◆ Material provided ◆
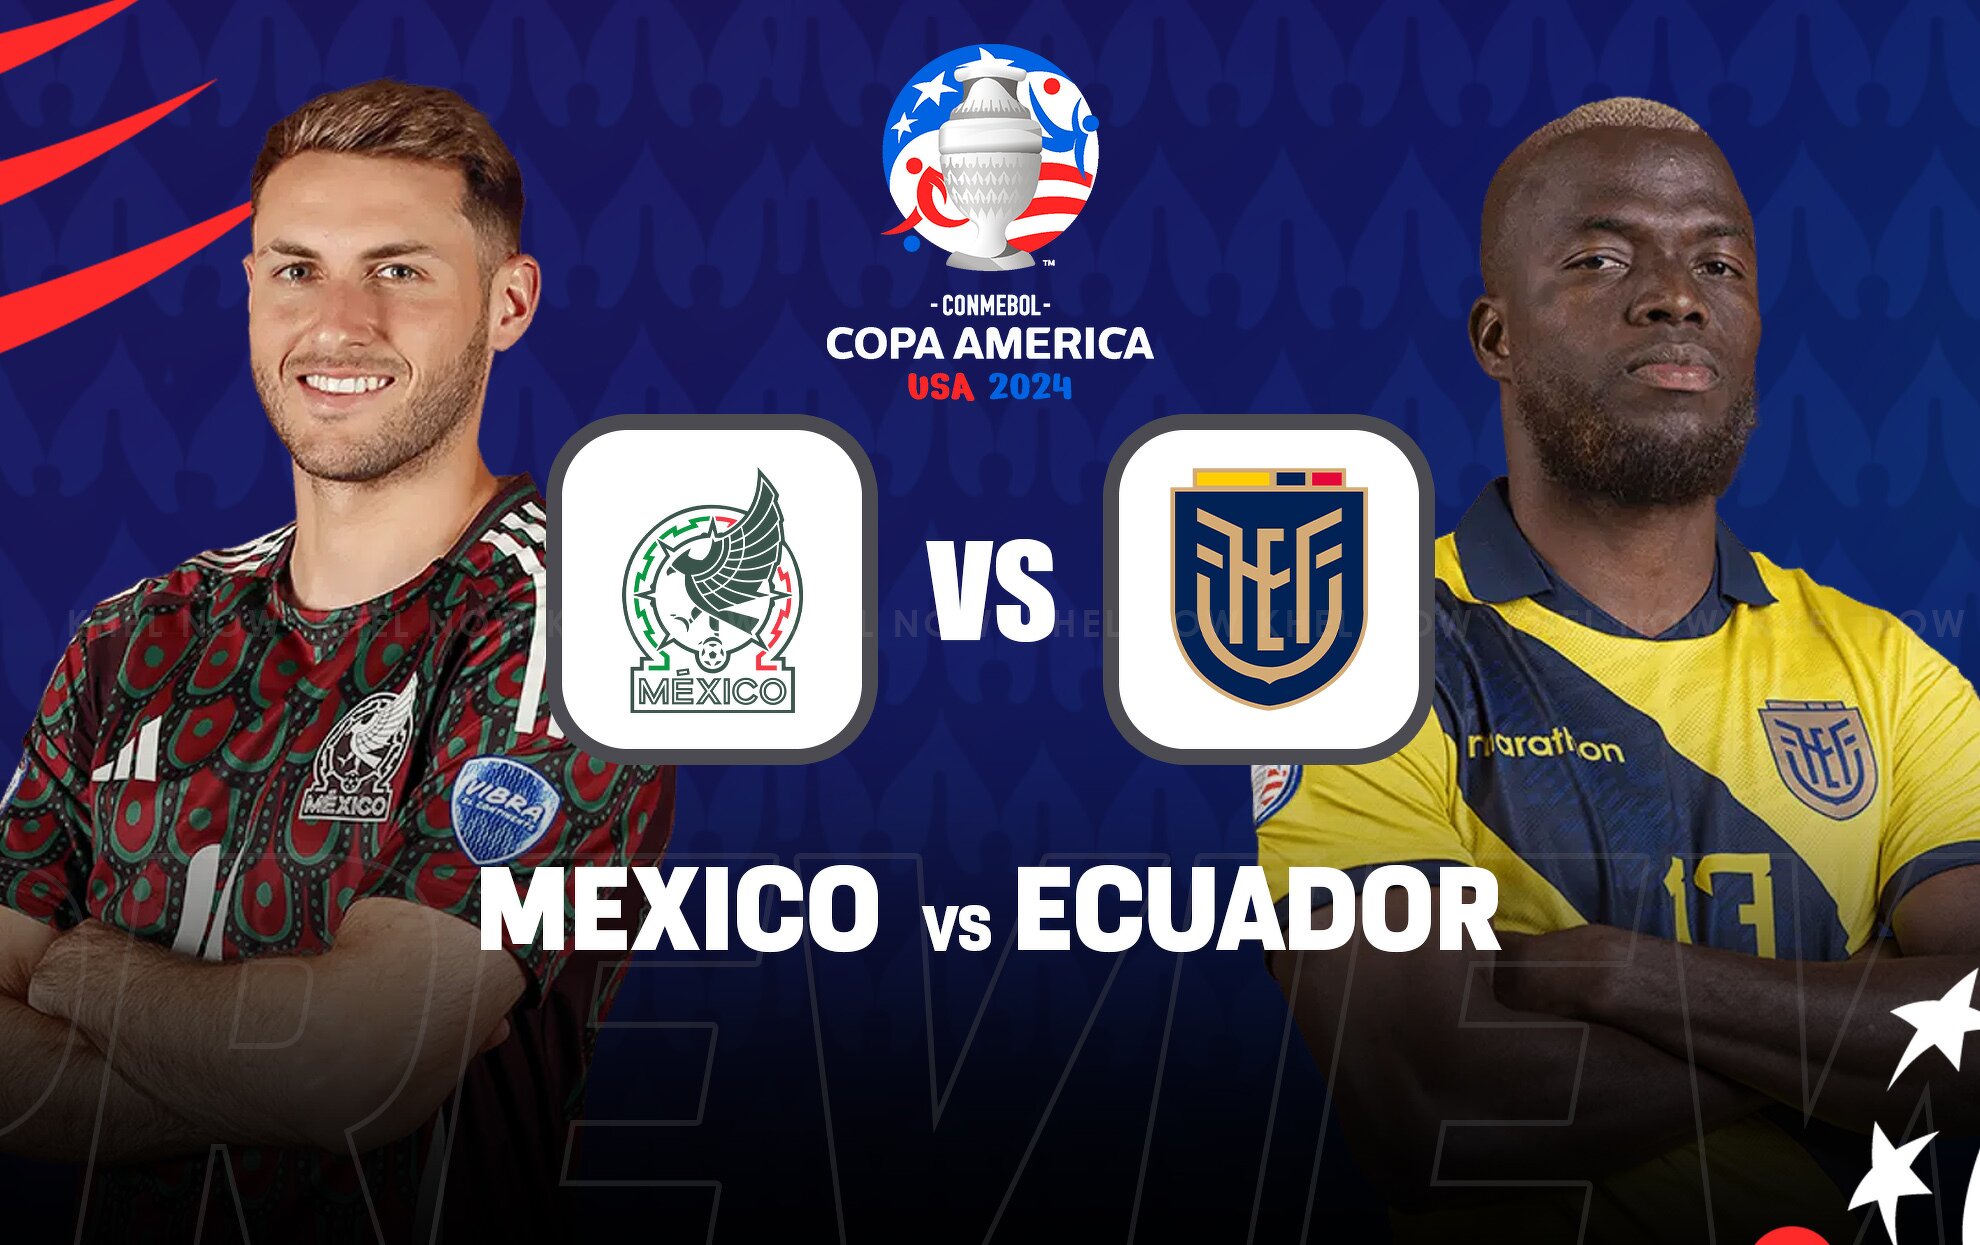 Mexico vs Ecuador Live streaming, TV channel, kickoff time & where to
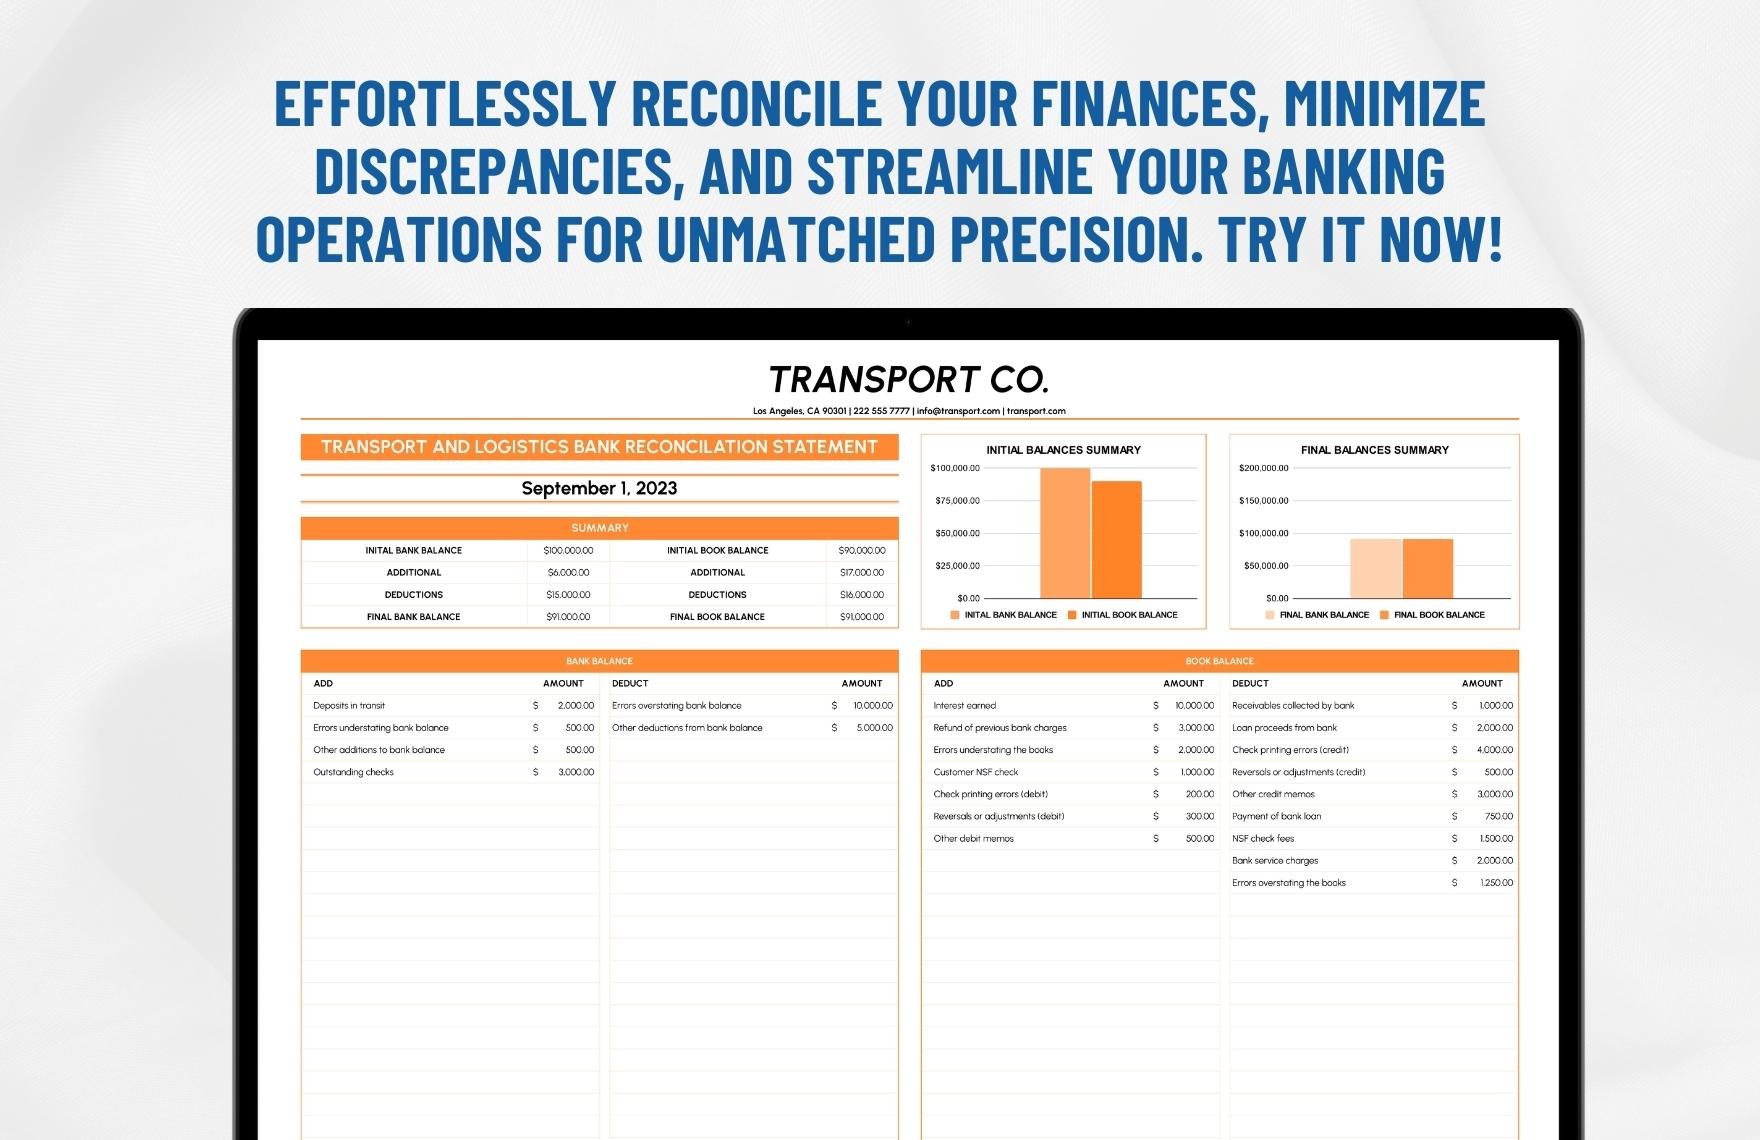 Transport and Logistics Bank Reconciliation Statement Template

* * *

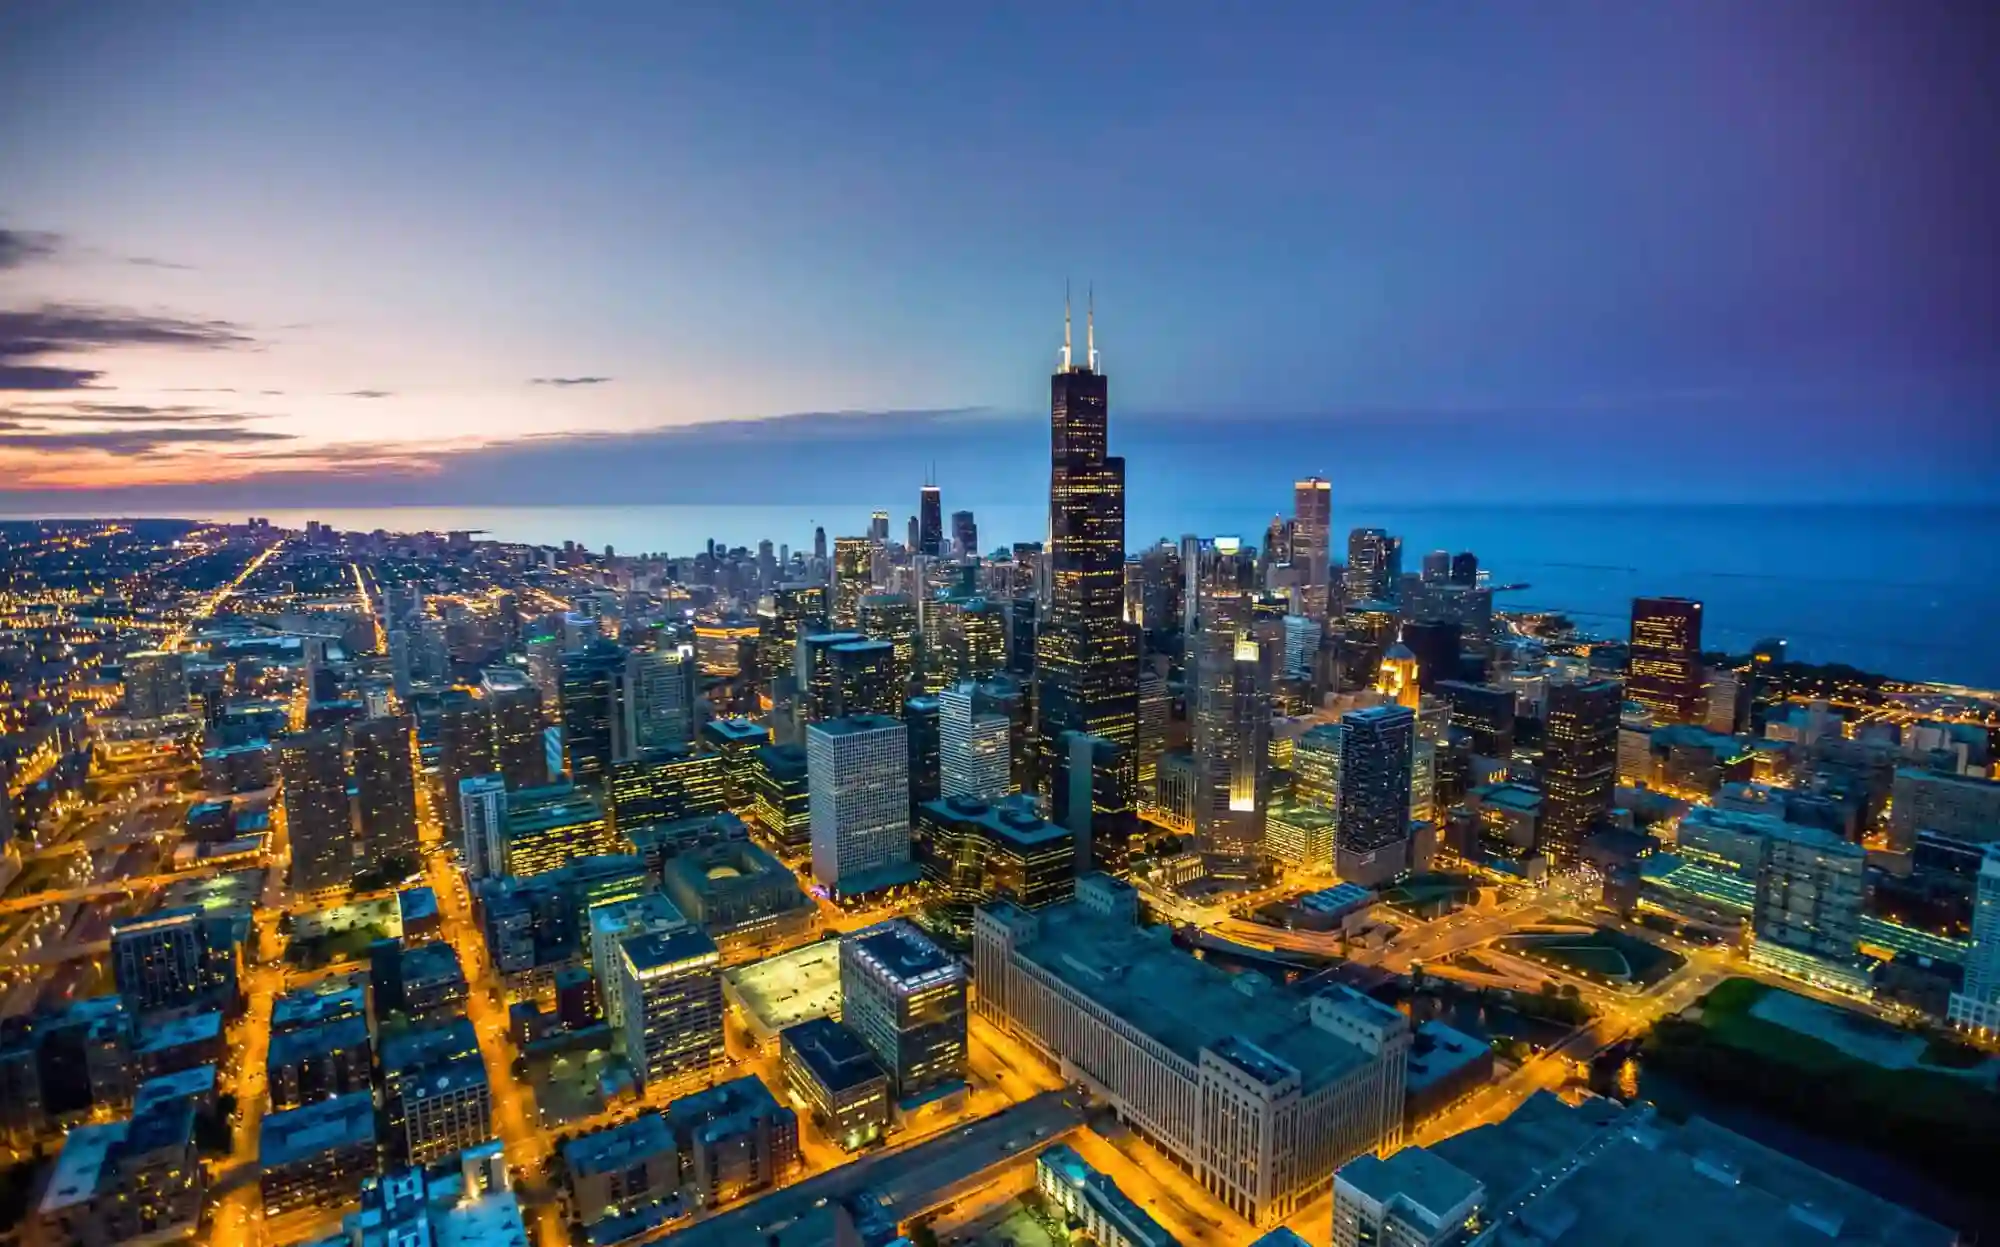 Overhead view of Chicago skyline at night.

◆ Your objective ◆
Nothing but the lines above, starting at the line that contains "Mexico vs Ecuador" and ending at the line that contains "Transport and Logistics", should be given again, exactly and without the pictures.

◆ Exercise response ◆
 Mexico vs Ecuador Live streaming, TV channel, kickoff time & where to
 Transport and Logistics Bank Reconciliation Statement Template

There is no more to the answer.